Apple Inc. v. Motorola, Inc., No. 11C 8540, Slip Op. (N.D. Ill. Jan. 24, 2012) (Posner, J. sitting by designation).

In light of the upcoming trial of this case – in stages beginning with liability on June 11, 2012 – and the interest because of both the high profile parties and the fact that Seventh Circuit Judge Posner is presiding over the case, I am going to go out of order and profile a significant number of opinions from this case during June.

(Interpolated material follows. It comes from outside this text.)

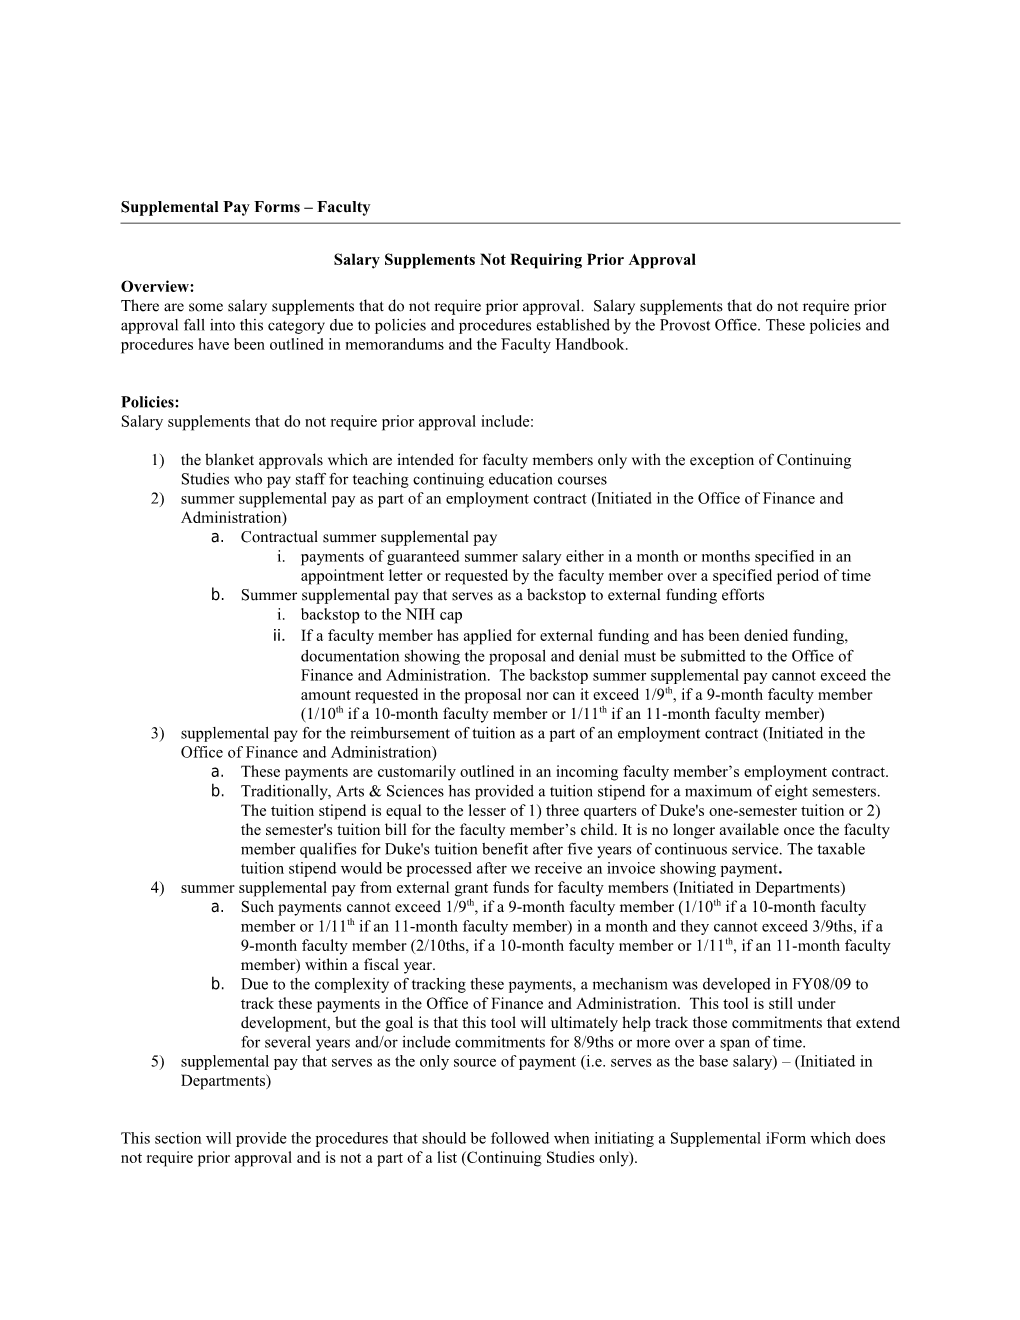 Supplemental Pay Forms Faculty

Judge Posner issued several brief rulings on a variety of damages and discovery matters:

  • The parties were given until February 6, 2012, to file briefs setting forth the proper remedies – not necessarily amounts – should the Court find against Motorola on any of Apple’s equitable defenses, including equitable estoppel and unclean hands, for allegedly failing to offer reasonable, nondiscriminatory license terms for its standards-based patents.
  • The parties were given one week to submit a proposed schedule for the completion of all damages discovery.
  • The parties were to submit briefs submitting their view of the proper standards for determining damages for patent infringement.
  • All equitable defenses would be tried separately one week after the liability trial.
  • Damages would also be tried separately one week after the equitable defenses trial.
  • The Court excluded an Apple standards-setting witness.  Apple was given two weeks to submit a brief explaining why the standards did not speak for themselves and to propose another witness without an actual or potential conflict of interest.
  • The Court ordered the parties to limit the number of patents they wished to litigate at the liability trial and then for each opposing party to identify its list of defenses to the asserted patents.